Activity:
Make an exact copy of the data below, leaving out every picture.

Dataset extract section start

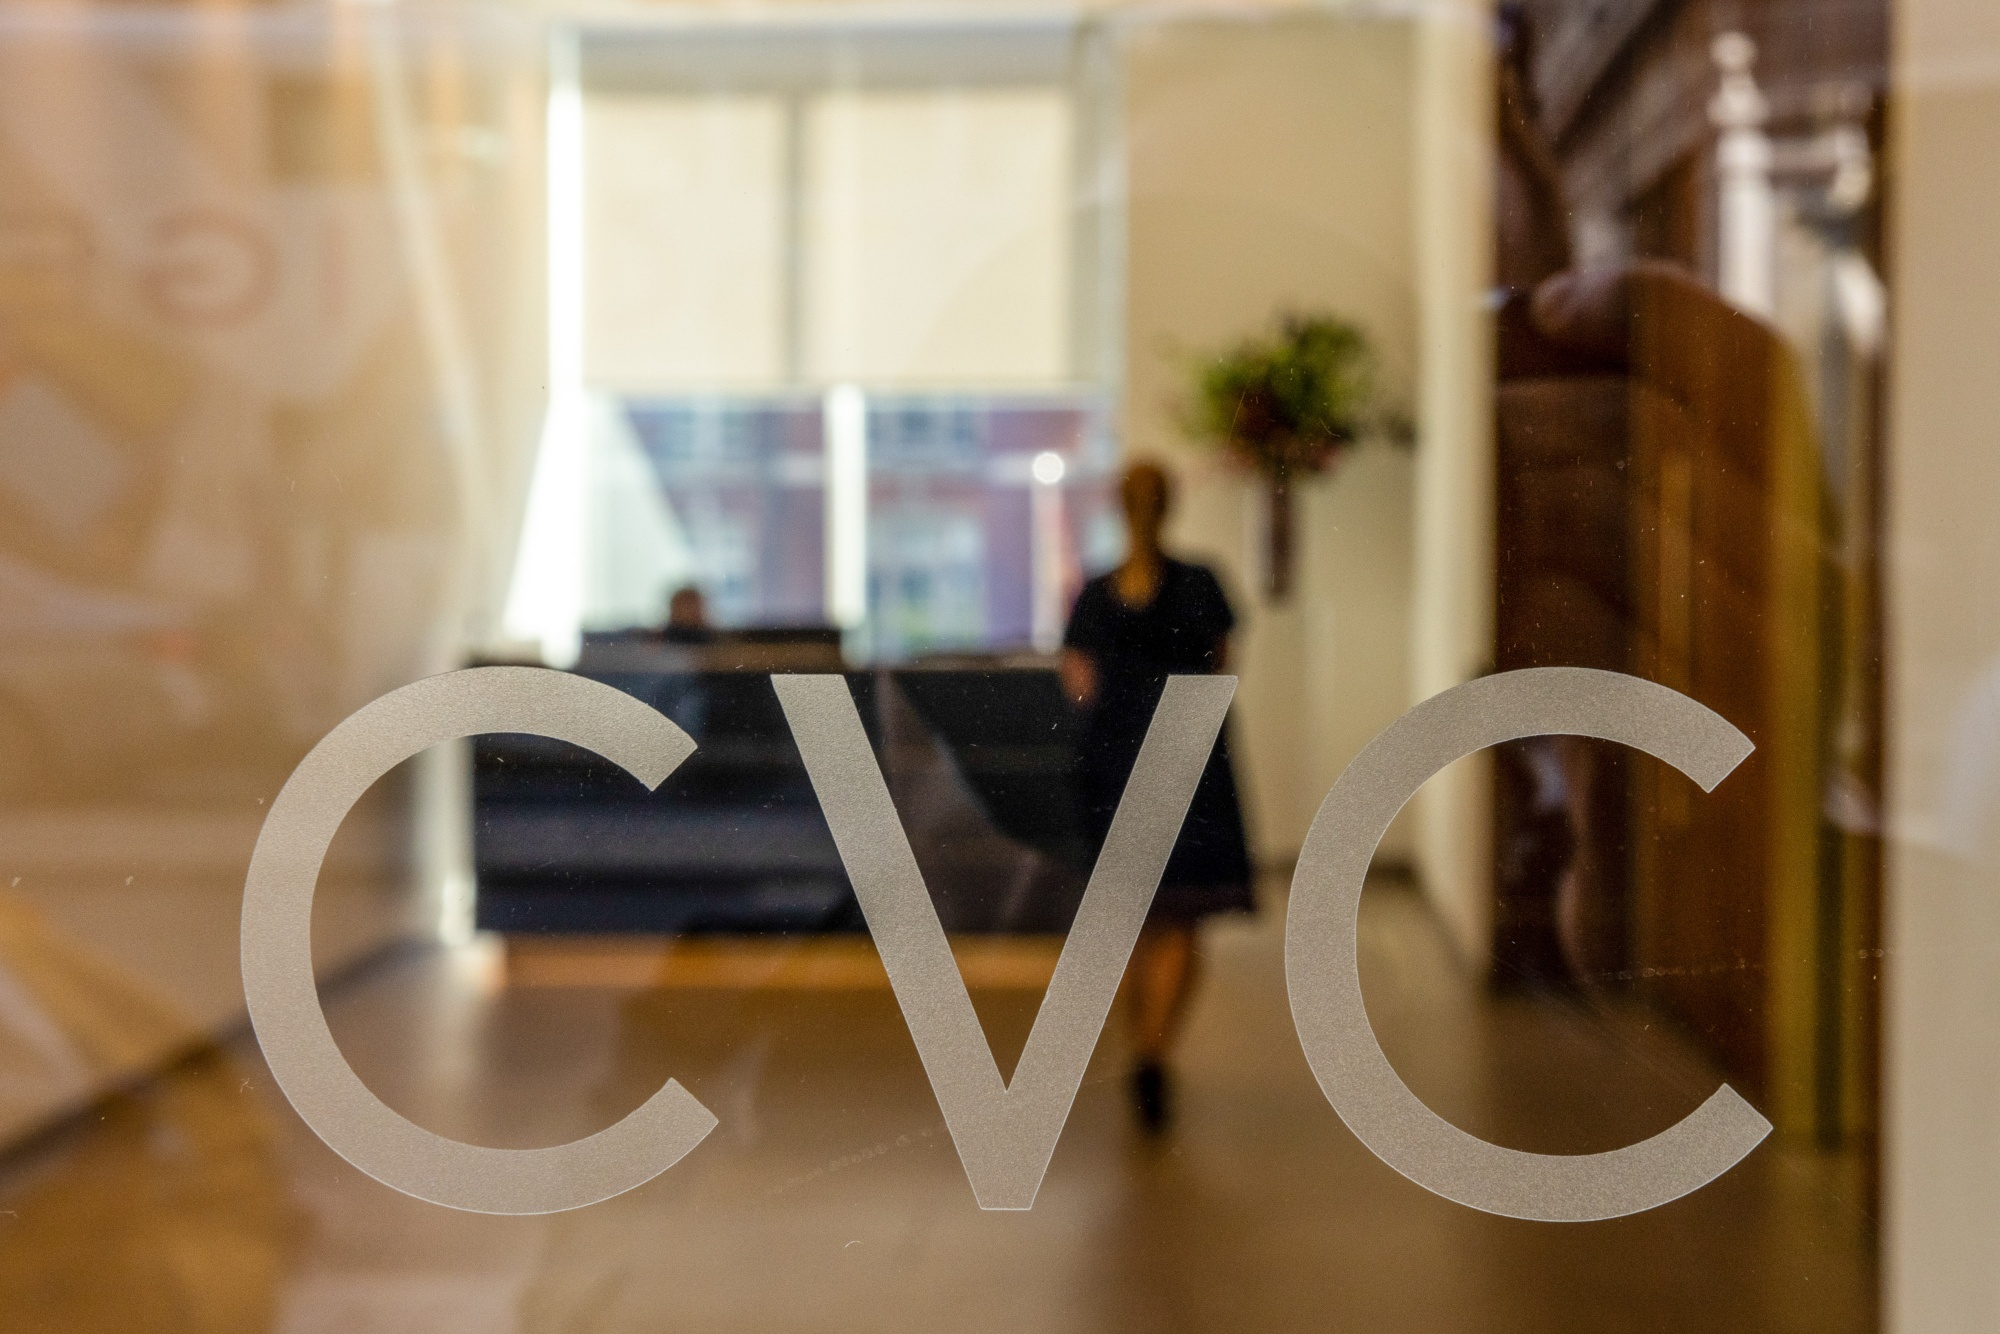 CVC Gears Up for Potential Listing as Soon as November - Bloomberg
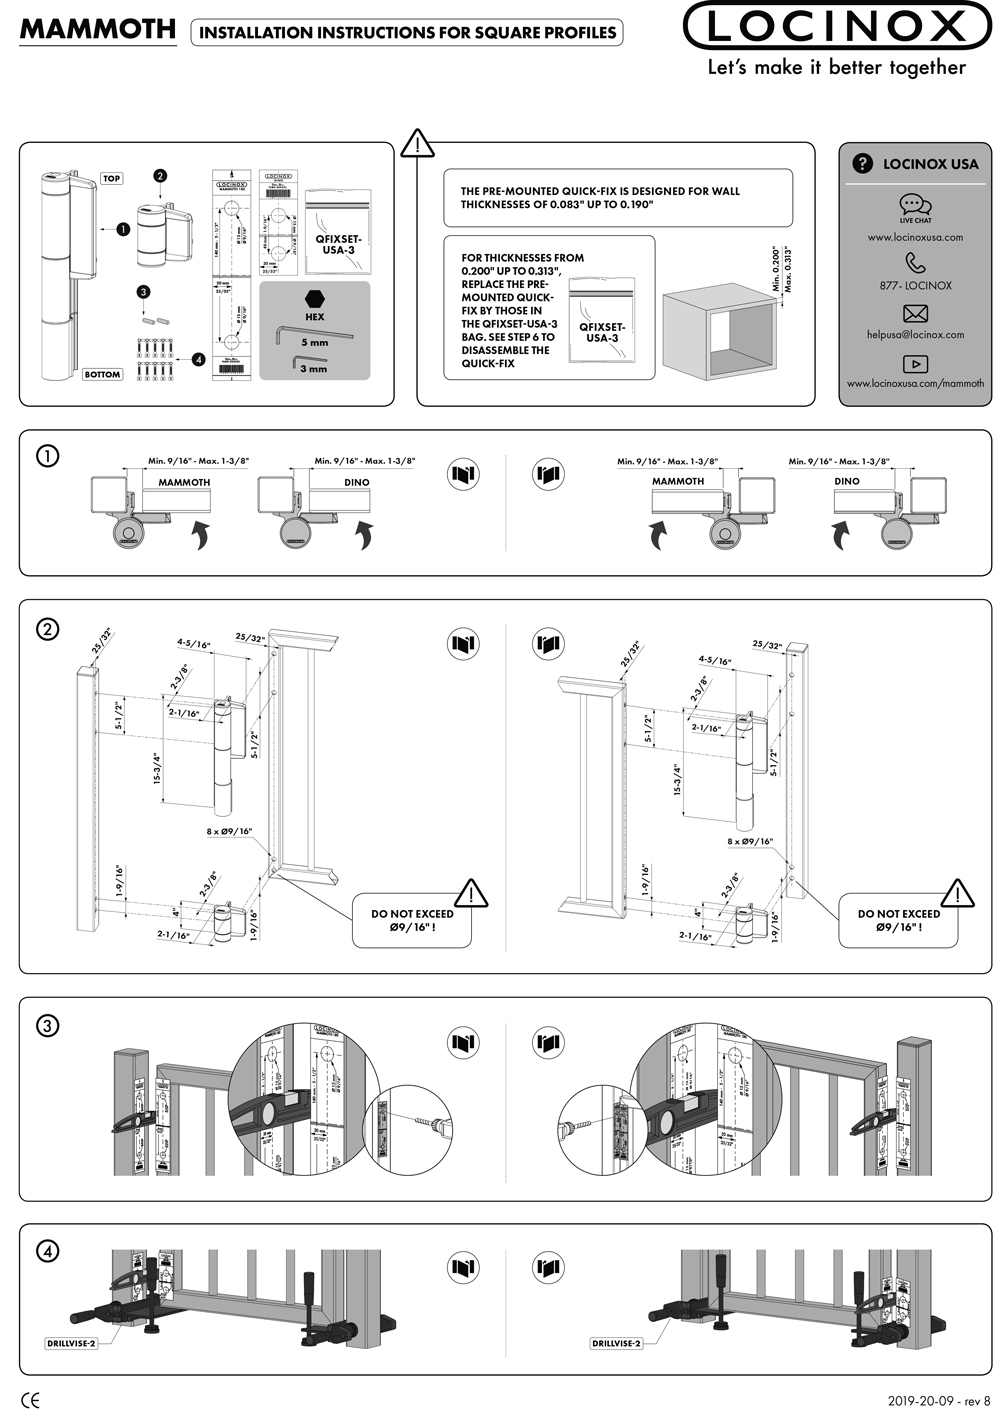 Installation Instructions for the Locinox Mammoth/Raptor Hydraulic Gate Closer/Hinges
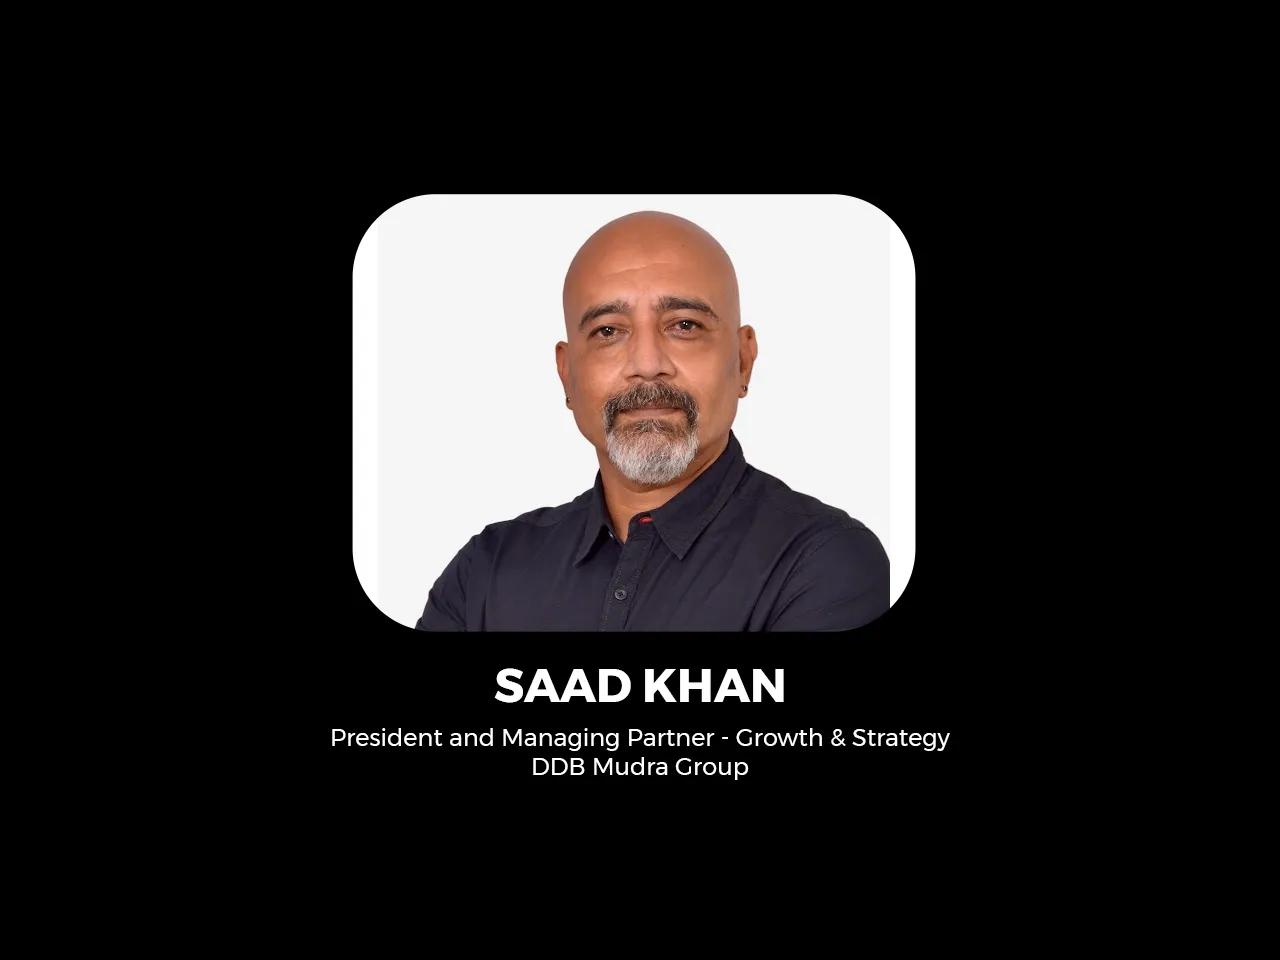 The real opportunity lies in embracing tech to create innovative solutions: Saad Khan, DDB Mudra Group

Dataset extract section end

Result of this exercise:
 CVC Gears Up for Potential Listing as Soon as November - Bloomberg
 Installation Instructions for the Locinox Mammoth/Raptor Hydraulic Gate Closer/Hinges
 The real opportunity lies in embracing tech to create innovative solutions: Saad Khan, DDB Mudra Group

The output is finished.